The following discussion should be read in conjunction with Apollo Global Management, LLC’s condensed consolidated financial statements and the related notes included within this Quarterly Report on Form 10-Q. This discussion contains forward-looking statements that are subject to known and unknown risks and uncertainties. Actual results and the timing of events may differ significantly from those expressed or implied in such forward-looking statements due to a number of factors, including those included in the section entitled “Risk Factors” in our Form 10-K for the year ended December 31, 2012 filed with the SEC on March 1, 2013. The highlights listed below have had significant effects on many items within our condensed consolidated financial statements and affect the comparison of the current period’s activity with those of prior periods.

General

Our Businesses

Founded in 1990, Apollo is a leading global alternative investment manager. We are contrarian, value-oriented investors in private equity, credit and real estate with significant distressed expertise and a flexible mandate in the majority of our funds that enables our funds to invest opportunistically across a company’s capital structure. We raise, invest and manage funds on behalf of some of the world’s most prominent pension, endowment and sovereign wealth funds as well as other institutional and individual investors. Apollo is led by our Managing Partners, Leon Black, Joshua Harris and Marc Rowan, who have worked together for more than 20 years and lead a team of 644 employees, including 252 investment professionals, as of March 31, 2013.

Apollo conducts its management and incentive businesses primarily in the United States and substantially all of its revenues are generated domestically. These businesses are conducted through the following three reportable segments:

 

  (i) Private equity —primarily invests in control equity and related debt instruments, convertible securities and distressed debt instruments;

 

  (ii) Credit —primarily invests in non-control corporate and structured debt instruments; and

 

  (iii) Real estate —primarily invests in legacy commercial mortgage-backed securities, commercial first mortgage loans, mezzanine investments and other commercial real estate-related debt investments.
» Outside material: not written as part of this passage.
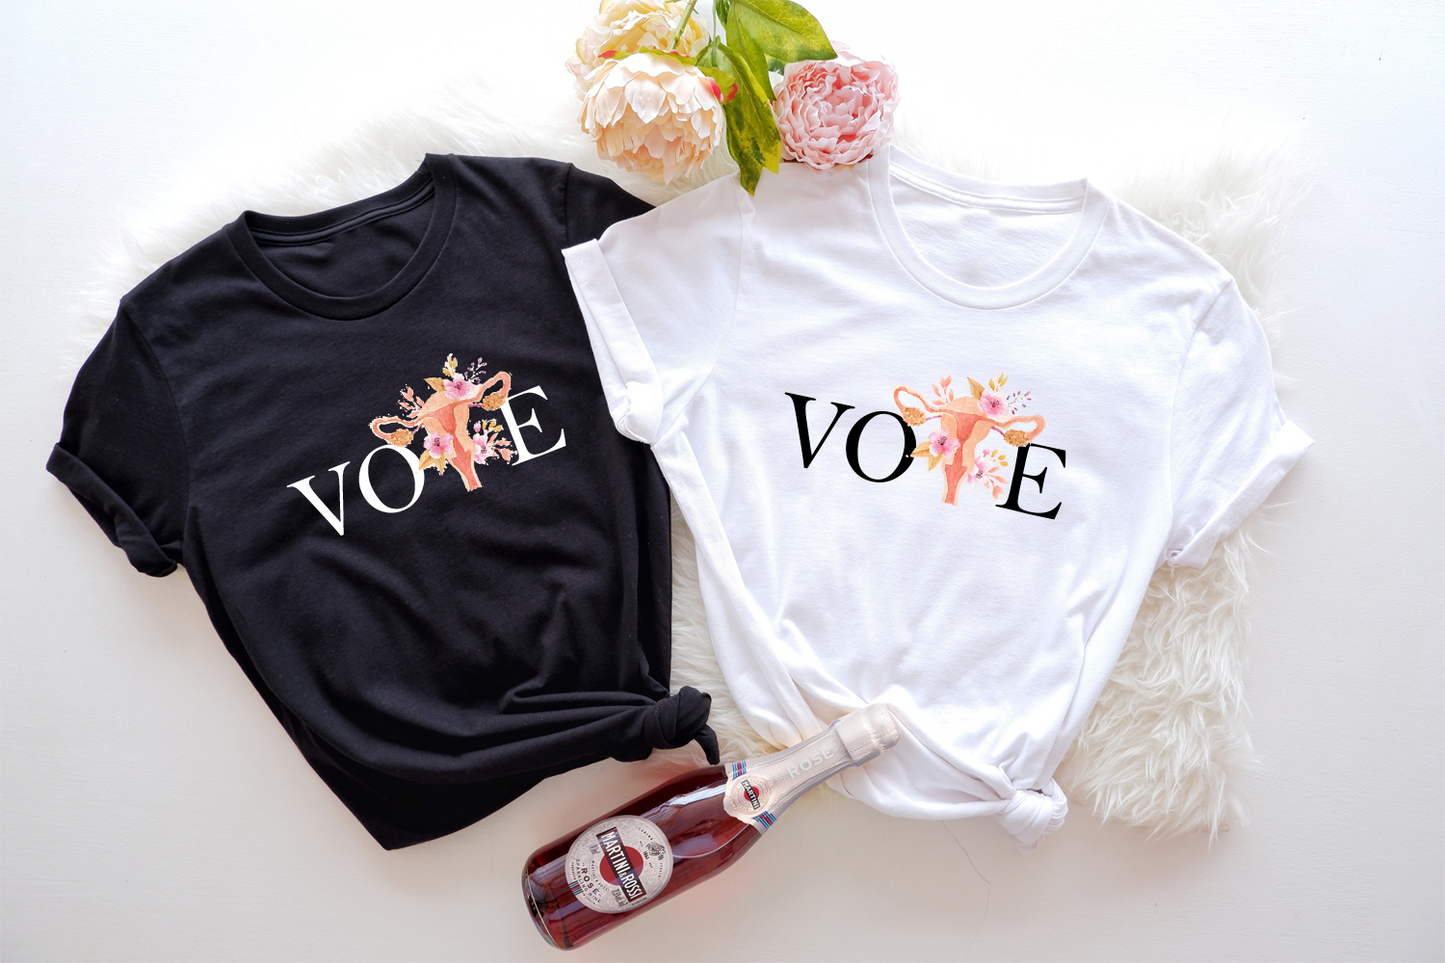 Protect your freedom to read and celebrate banned books with this unique Vote Shirt tee.

Additionally, the Company sponsors real estate funds that focus on opportunistic investments in distressed debt and equity recapitalization transactions.

During the third quarter of 2012, the Company changed the name of its capital markets business to the credit segment. The Company believes this new name provides a more accurate description of the types of assets which are managed within this segment. In addition, this segment name change is consistent with the Company’s management reporting and organization structure, as well as the manner in which resource deployment and compensation decisions are made.

These business segments are differentiated based on the varying investment strategies. The performance is measured by management on an unconsolidated basis because management makes operating decisions and assesses the performance of each of Apollo’s business segments based on financial and operating metrics and data that exclude the effects of consolidation of any of the affiliated funds.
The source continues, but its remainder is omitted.